According to this study, patient demographics that undergo bariatric surgical procedures haven’t changed. This remains true despite significant changes in insurance coverage of weight loss surgery since 2007. The study also discovered that patient safety outcomes have remained stable too. These statistics were measured in mortality and morbidity rates. These rates remain unchanged since 2007 with just 2% of patient reporting complications and deaths only occurring in .1% of all surgeries.
Weight Loss Surgery Complications Rates (Mortality) 2007 Through 2014
According to Ranjan Sudan, MD, a robotic and bariatric surgeon and vice chair of education at Duke University Health System, this study can become an average for these types of medical cases. Dr. Sudan presented this study on behalf of the entire research committee at the American Society for Metabolic and Bariatric Surgery at Obesity Week in 2013.

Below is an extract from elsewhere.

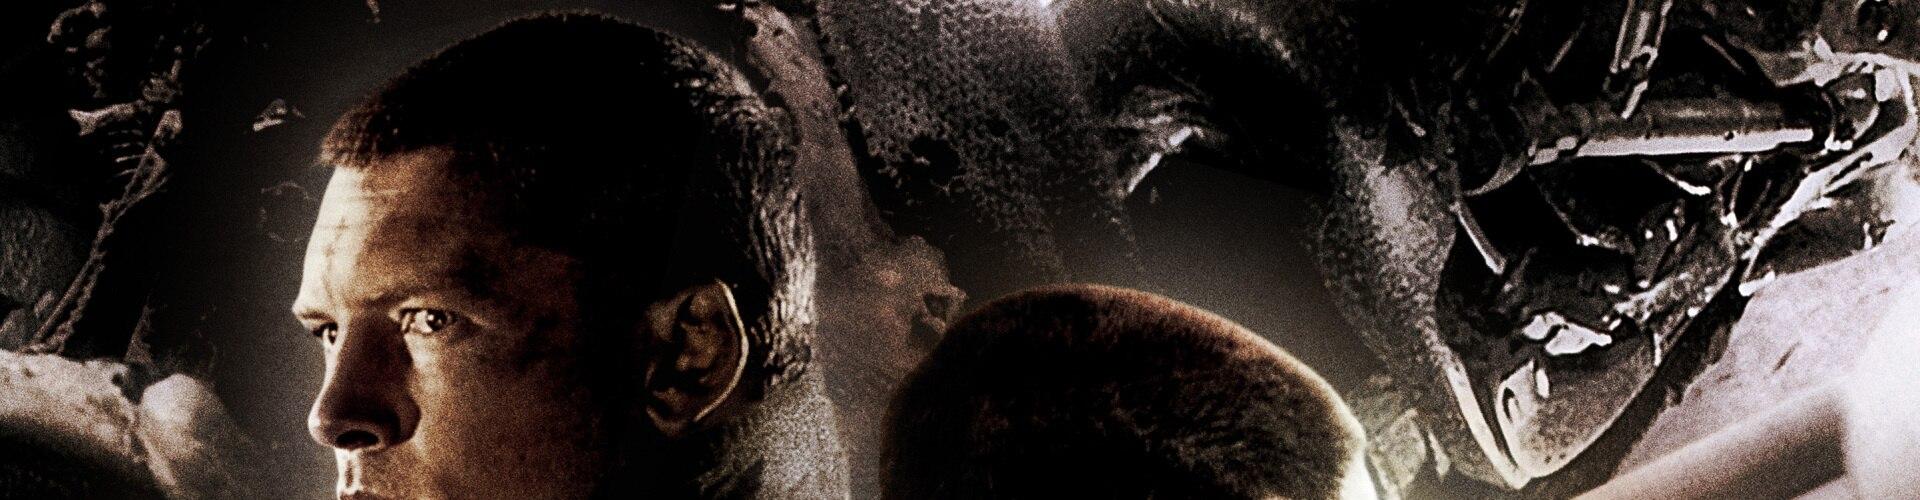 Watch Terminator Salvation Online

The study created a particular look at U.S. surgical facilities or hospitals by ethnicity, age, gender, rate of complication, procedure and outcome. The study found there were very few changes from 2007 to 2011 during their research. Ultimately, there were no significant changes or increases in the percentage of men, diabetes patients or minorities who elected to have weight loss surgery.

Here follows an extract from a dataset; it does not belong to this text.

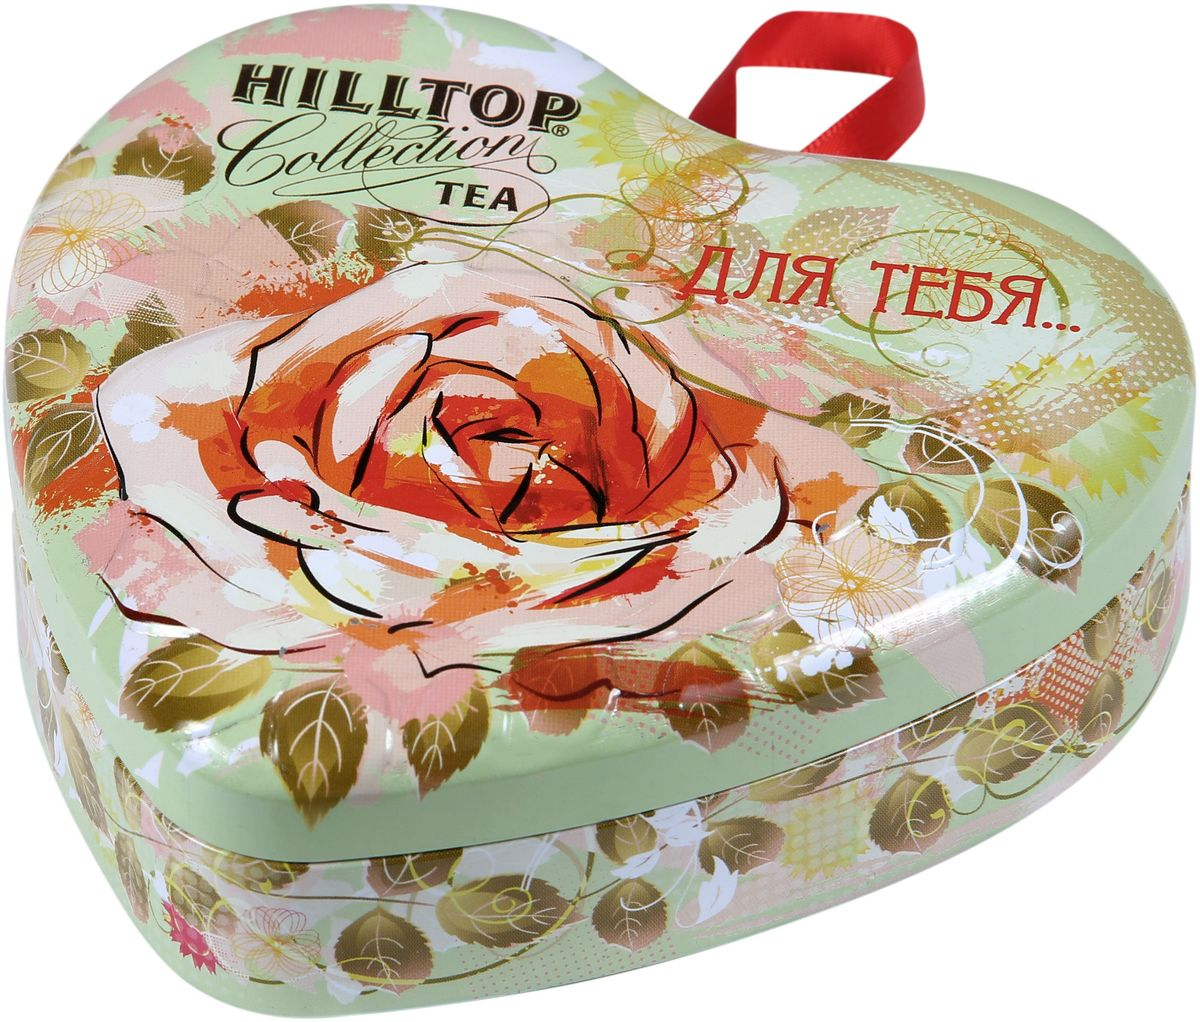 Hilltop Желаю счастья зеленый листовой чай, 50 г hilltop люблю листовой чай молочный оолонг 50 г

The study’s researchers looked at 364,000 patients with 1.75% of these patients experiencing a severe adverse event a month after surgery and just 2.02% experiencing this within a year. The overall one-year steady AE rate remained close to the national average at its highest, 2.18% in 2009 and its lowest 1.66% in 2011.
Ultimately, this study’s data is not risk adjusted, which means that it is nearly impossible to compare death or complication rates across different procedures. It is understood that patients with a higher body mass index or more excess weight undergo the more extensive weight loss surgeries such as biliopancreatic diversion with duodenal switch or gastric bypass. Because of this, the researchers don’t feel that comparing complication rates across procedures will add any value to the study and its findings.
They found the one-year mortality rate was:
- .84% for duodenal switch surgery (view all complications)
- .11% for gastric sleeve surgery (view all complications)
- .26% for Roux-en-Y gastric bypass surgery (view all complications)
- .05% for gastric banding surgery (view all complications)
Ultimately, this study offers a look at real-life benchmarks for bariatric surgical procedures that can be used against what surgeons suggest regarding outcomes for patients.
The study found that more Hispanic and black patients are electing to have bariatric surgery. The percentage of black patients rose from 10.11% in 2007 to 13.43% in 2011. Also, the number of Hispanics increased from 5.84 to 8.44%.
The most common comorbidities found in these patients were Type II Diabetes, musculoskeletal disorder, sleep apnea and gastroesophageal reflux disease. Ultimately, this study remains a good “snapshot” of weight loss surgery in the United States. While the data may not reflect high-quality data often found in nonsurgical data, it does show that surgery is very safe and should be encouraging to patients to elect to continue to have the surgical procedures.